Mass Save’s latest proposed incentives are being reviewed by the program’s advisory council, a governing body that includes representatives from clean energy groups, the attorney general’s office, housing organizations, and more, and engages in months of negotiations with the utilities over their proposed plans. The advisory council will vote on the plan. In years past it has approved incentive plans put forward by the utility companies with little or no dissent. But this year, it is hoping for major changes, said Amy Boyd, a council member..

She said the council will ask the utilities to move further away from fossil fuels and do more to incentivizing the transition to heat pumps.

She said it will also push to make the new Mass Save offering more appealing to low- and middle-income consumers. In the past, Mass Save has been primarily used by those in wealthier communities, where usage can be seven times higher than in less affluent towns.

The state Department of Public Utilities will have final say on the plan in January 2022.

A spokeswoman for Mass Save defended the natural gas rebates as a way to ensure customers opt for the most energy-efficient equipment. “In the long run, customers save more money and use less energy than they otherwise would have as a result of program offerings,” said Shaina Kaye. “Absent our programs, customers are more likely to buy less-efficient equipment, which would then drive up costs for themselves and other customers in the long run.”

But as negotiations around the plan continue, some members of the advisory council and others are hoping to see the incentives for heat pumps increase dramatically right now, to help make the math work for current natural gas users who might want to switch.
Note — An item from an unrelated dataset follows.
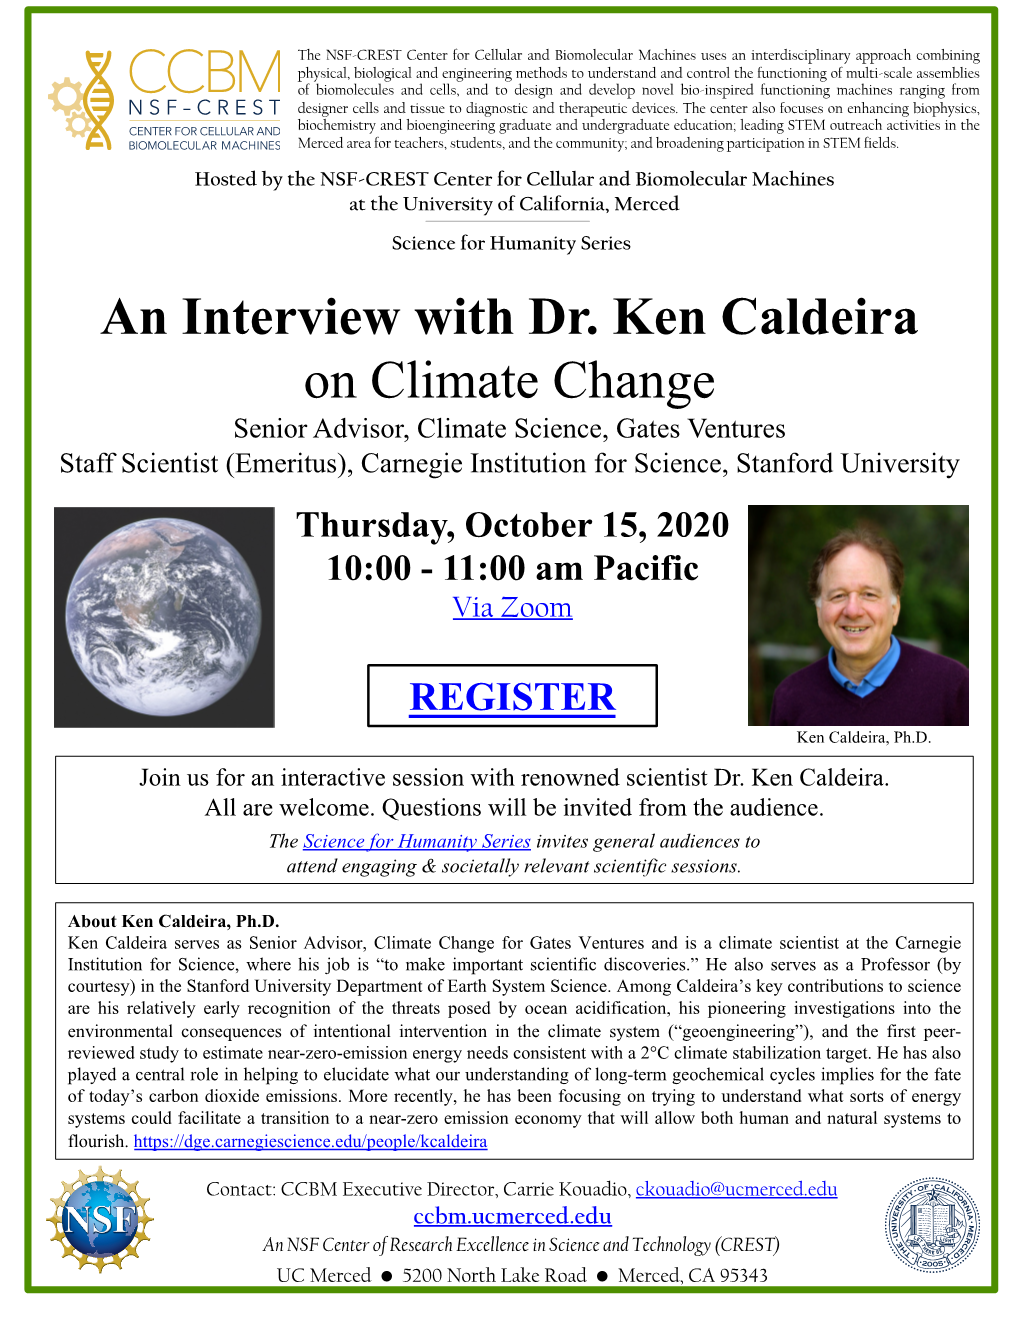 An Interview with Dr. Ken Caldeira on Climate Change
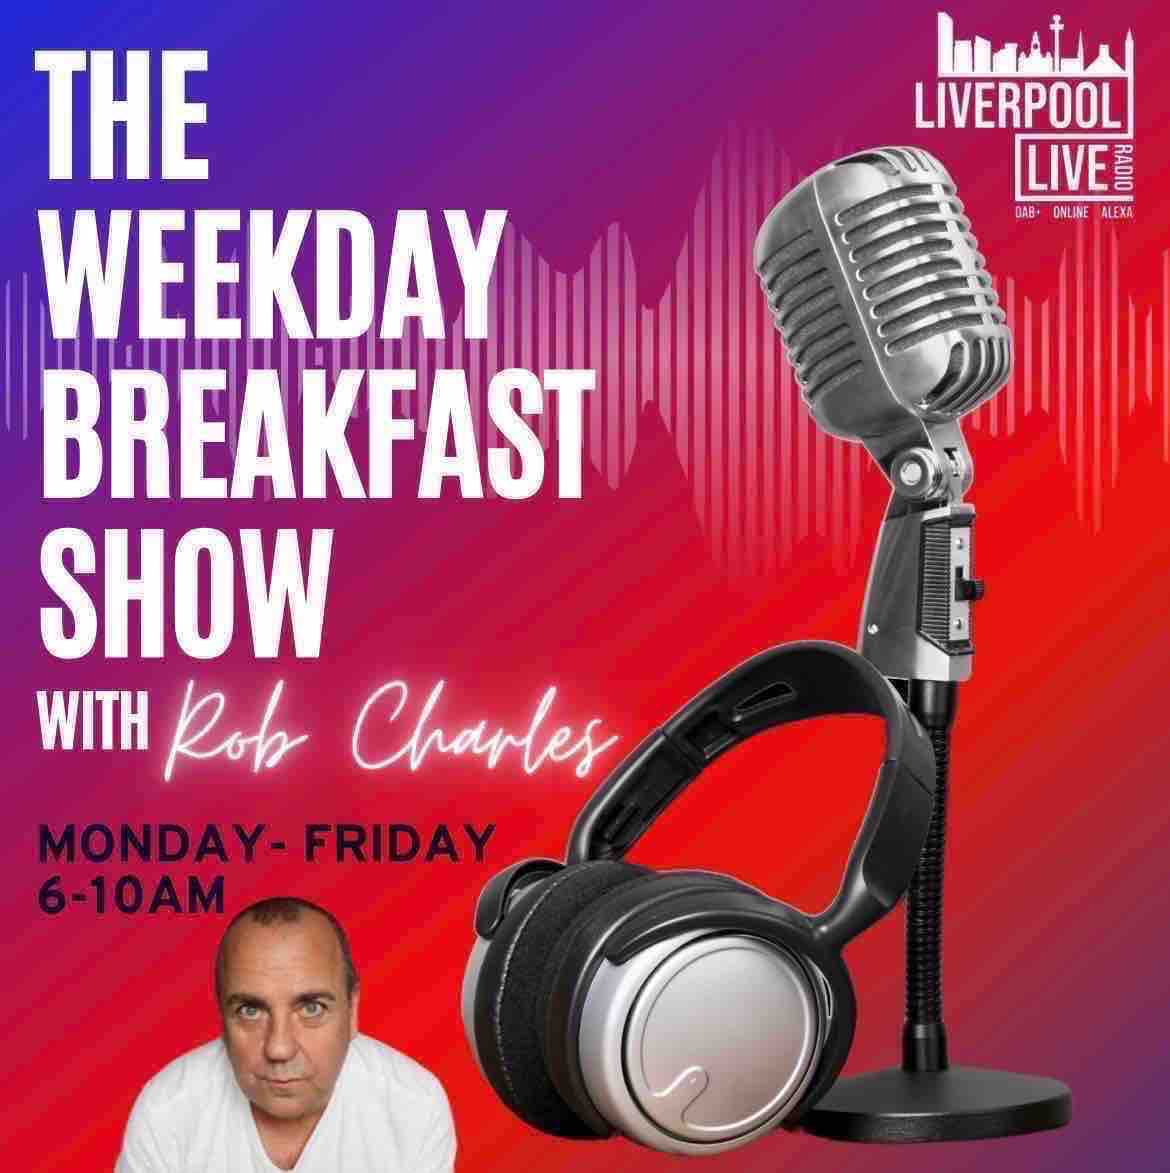 Wakey wakey rise and shine it’s time for Rob Charles breakfast show time ! Tune in on DAB+ • Alexa • Online • Free view TV ch 277

And there’s some hope that could happen, thanks to the new requirements of the state’s climate plans.

The state’s climate blueprint for achieving its 2030 climate goals calls for the elimination of incentives for fossil fuel equipment in new construction beginning in 2022, and phasing out all incentives for fossil fuel heating by the 2025-2027 Mass Save plan. The climate legislation signed by Governor Charlie Baker earlier this year mandates reducing emissions to 50 percent below 1990 levels by 2030 and net-zero carbon emissions by 2050, and also stipulates for the first time that the state can require Mass Save to meet specific greenhouse gas reduction goals.

“Now, I’m hoping that with the consideration of climate inequity by the DPU and an explicit climate goal, the plans could actually give a really large incentive for heat pumps,” said Boyd. “Let’s go ahead and put the thumb truly on the scale toward electrification, and minimize what we are paying for replacing fossil fuel systems.”